Hasnt yet.. no need to critize everyone weight lifting abilities.. just simply askin if anyone else likes to weightlift


----------



## WV hoyt shooter (Feb 10, 2006)

i don't see why everyone keeps sayin this would cause problems it hasn't yet...and i aint gonna say nuttin to anyone who lifts i look at it this way you get what u get and if anyone else says anything to you about it then just show them what you get


----------



## mathewskid1 (Feb 15, 2008)

i used to do alot of lifting when i was a sophmore and we did 3 lifts 
bench-245
squat-395
clean-230
i just started lifting again like 3 months ago and it is amazing how much muscle strength you can loose over a year and a half


----------



## thrill_seeker (Feb 2, 2008)

yea we lift year round except during the season and even then we do some yea last year underfeated confrence champs (but got beat out first round in playoffs damn private schools) second time its happened to us but yea 350 spuat 220 bench 235 clean


----------



## Bowhunter500 (Mar 23, 2007)

thrill_seeker said:


> yea we lift year round except during the season and even then we do some yea last year underfeated confrence champs (but got beat out first round in playoffs damn private schools) second time its happened to us but yea 350 spuat 220 bench 235 clean


Very nice man very nice.

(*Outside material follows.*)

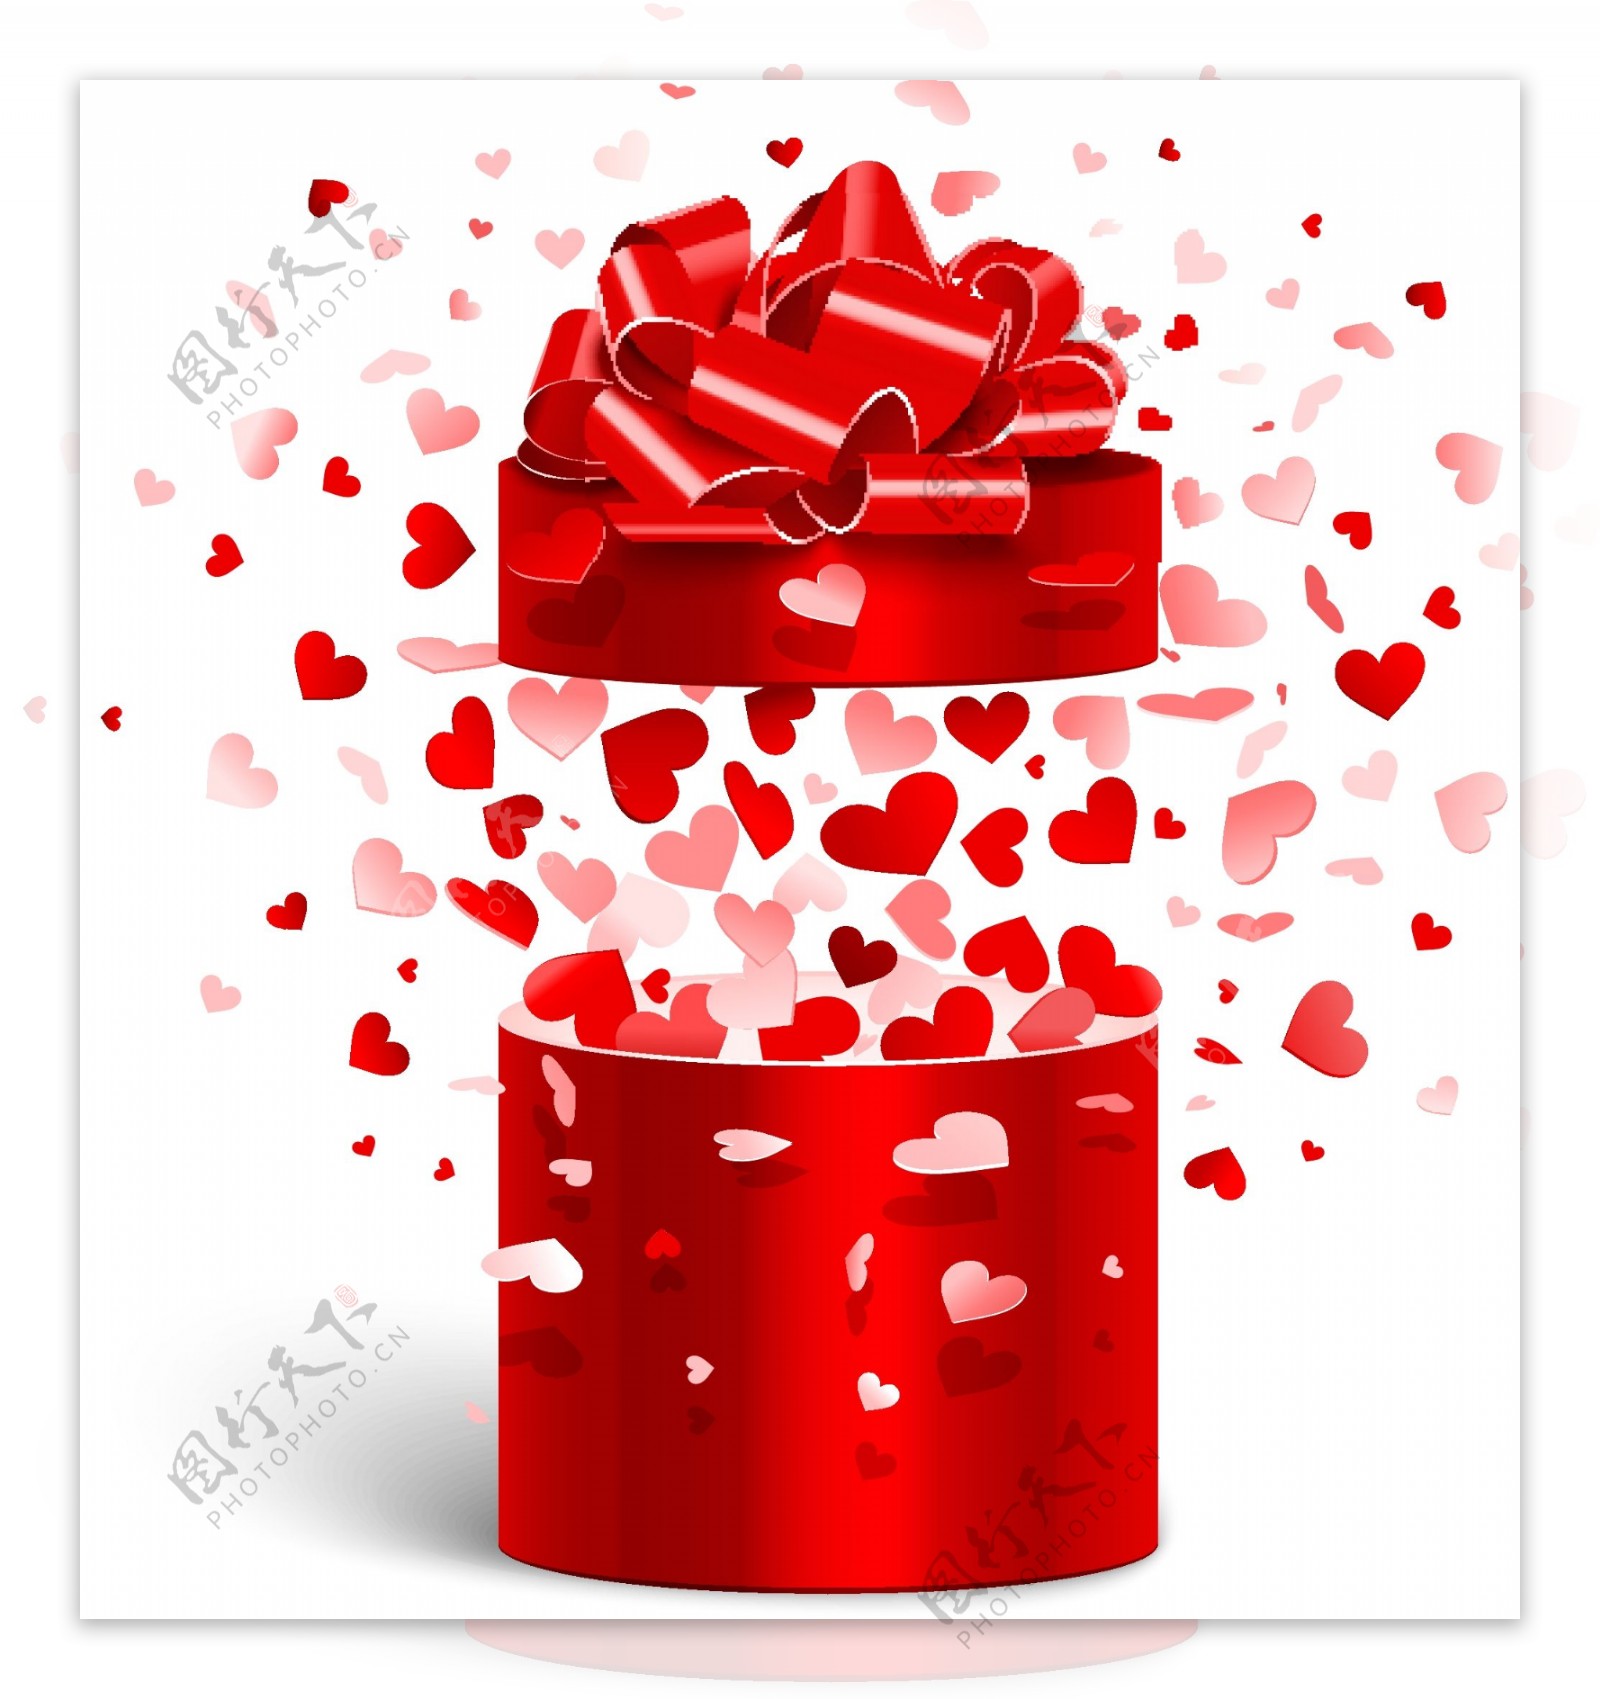 情人节红色礼盒与缤纷爱心

Keep it up. 

What position do ya play?


----------



## thrill_seeker (Feb 2, 2008)

center and nose once in a while go in at slash its another back but go in motion out on the wing thats my favorite spot you normally lite some one up pretty good


----------



## bearr (Jul 21, 2006)

dang man haha
i couldnt hit up the 70 pounders till i was 15


----------



## bearr (Jul 21, 2006)

dang man haha
i couldnt hit up the 70 pounders till i was 15


----------



## bearr (Jul 21, 2006)

bearr said:


> dang man haha
> i couldnt hit up the 70 pounders till i was 15


i was talking bout bows guys


----------



## Bowhunter500 (Mar 23, 2007)

thrill_seeker said:


> center and nose once in a while go in at slash its another back but go in motion out on the wing thats my favorite spot you normally lite some one up pretty good


Haha yea. Had my coaches come up to me last friday and asked if i would be willing to start both ways again this year. Except at Defensive End. Of course i said yes lol


----------



## Noah2016 (Feb 19, 2008)

i'm 10 and i bench 50 lbs i play football star quaterback of my team


----------



## MSboy (Aug 30, 2007)

Dang! Funny you should ask, I broke both bones in my lower arm completely in 
half doing power cleans 4 weeks ago! 
My maxes before that were: bench:95
parallel squat: 95
power clean: 105 (what i broke my arm on)

I'm 13, 5 foot 10, but only like 130 pounds so I'm pretty dang weak!


----------



## armyboy (Jul 10, 2007)

MSboy said:


> Dang! Funny you should ask, I broke both bones in my lower arm completely in
> half doing power cleans 4 weeks ago!
> My maxes before that were: bench:95
> parallel squat: 95
> ...


guess you and me have the same body build, but i think i am i little stronger but don't know.... never work out really... hope to when it gets wormer so i can go to the storage and not freeze:wink:


----------



## Bowhunter500 (Mar 23, 2007)

Just got this done last week. 

Bench: 315 x 2.. everyone said my eyes and neck looked like they were about ready to pop. But i got it up and started freakin out.. couldnt get a 3rd one so i punched a box in the weightroom. haha


----------



## MSboy (Aug 30, 2007)

armyboy said:


> guess you and me have the same body build, but i think i am i little stronger but don't know.... never work out really... hope to when it gets wormer so i can go to the storage and not freeze:wink:


Yea I've gotten a lot stronger on everything, seeing how I had trouble getting the 45 pound bar in october! This is my first year liftin, but I'm probaly going to have to start all over when i get this dumb cast off.


----------



## mathews93 (Feb 7, 2008)

im only 5'3 105lbs and in 8th grade 

bench 95
squat 160 
i dont know what that other stuff is haha


----------



## b18intega (Nov 25, 2007)

Yall make me feel even more obease, oh well i meet with my personal trainer at 3:30 to day so i'll feel better


----------